Then fix the control flow so it doesn't do the nullification if it
didn't change the value

You can't just change it while it is in the rb tree, that is racy

Jason
Patrisious Haddad Dec. 12, 2022, 1:55 p.m. UTC | #4
Agree, but changing the control flow of this function is really 
problematic , it was even tried before if you remember commit 
"e4103312d7b7a" , it got something to do with port allocation, I'll take 
another look over the code to see what other options we have though.

Since in short, you are right it is racy now.

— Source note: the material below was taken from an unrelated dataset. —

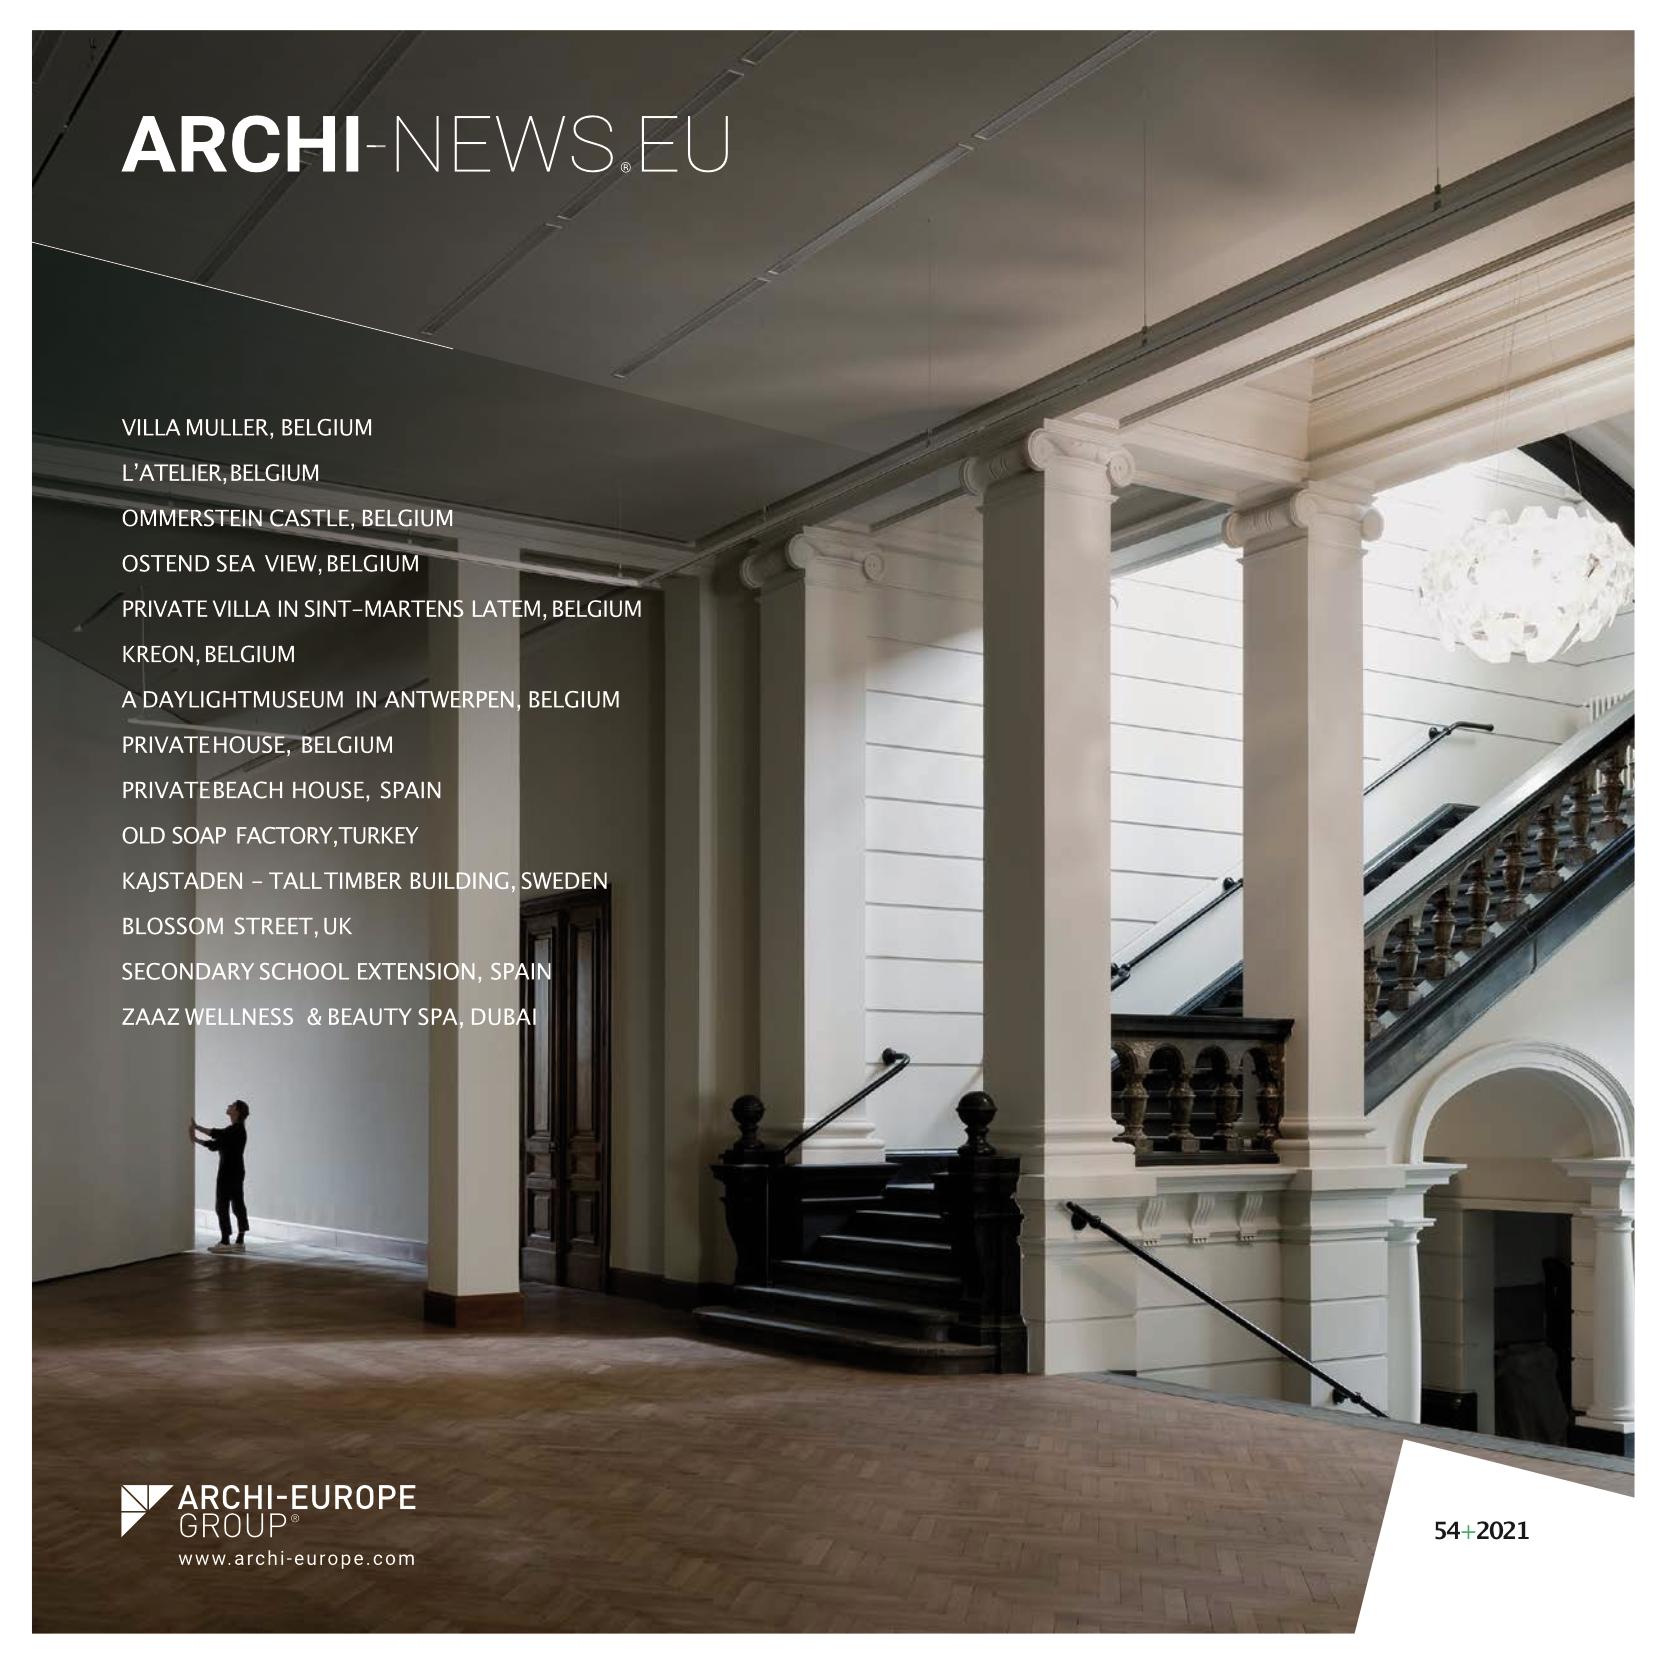 ANP 054 jun 2021 coverpage

On 12/12/2022 15:43, Jason Gunthorpe wrote:
> On Mon, Dec 12, 2022 at 03:42:07PM +0200, Patrisious Haddad wrote:
>> I think we have the same realization but different understanding of the
>> code, please correct what I'm missing, rest inline:
>>
>> On 12/12/2022 15:27, Jason Gunthorpe wrote:
>>> On Sun, Dec 11, 2022 at 11:08:30AM +0200, Leon Romanovsky wrote:
>>>> From: Patrisious Haddad <phaddad@nvidia.com>
>>>>
>>>> resolve_prepare_src() changes the destination address of the id,
>>>> regardless of success, and on failure zeroes it out.
>>>>
>>>> Instead on function failure keep the original destination address
>>>> of the id.
>>>>
>>>> Since the id could have been already added to the cm id tree and
>>>> zeroing its destination address, could result in a key mismatch or
>>>> multiple ids having the same key(zero) in the tree which could lead to:
>>>
>>> Oh, this can't be right
>>>
>>> The destination address is variable and it is changed by resolve even
>>> in good cases.
>> This is what I don't think can happen, since one address is resolved(bound),
>> it can't be bound again so each an other try of resolve would fail and enter
>> the error flow which I just fixed.
>>>
>>> So this part of the rb search is nonsense:
>>>
>>> 		result = compare_netdev_and_ip(
>>> 			node_id_priv->id.route.addr.dev_addr.bound_dev_if,
>>> 			cma_dst_addr(node_id_priv), this);
>>>
>>> The only way to fix it is to freeze the dst_addr before inserting
>>> things into the rb tree.
>> I completely agree, and this was my assumption that after resolve address,
>> and resolve route(where I add to the tree), the dst_addr is frozen, the only
>> scenario where it isn't was the resolve_prepare_src failure which some why
>> nullified the value instead of keeping the original.
> 
> Then fix the control flow so it doesn't do the nullification if it
> didn't change the value
> 
> You can't just change it while it is in the rb tree, that is racy
> 
> Jason
Jason Gunthorpe Dec. 12, 2022, 2 p.m. UTC | #5
On Mon, Dec 12, 2022 at 03:55:37PM +0200, Patrisious Haddad wrote:
> Agree, but changing the control flow of this function is really problematic
> , it was even tried before if you remember commit "e4103312d7b7a" , it got
> something to do with port allocation, I'll take another look over the code
> to see what other options we have though.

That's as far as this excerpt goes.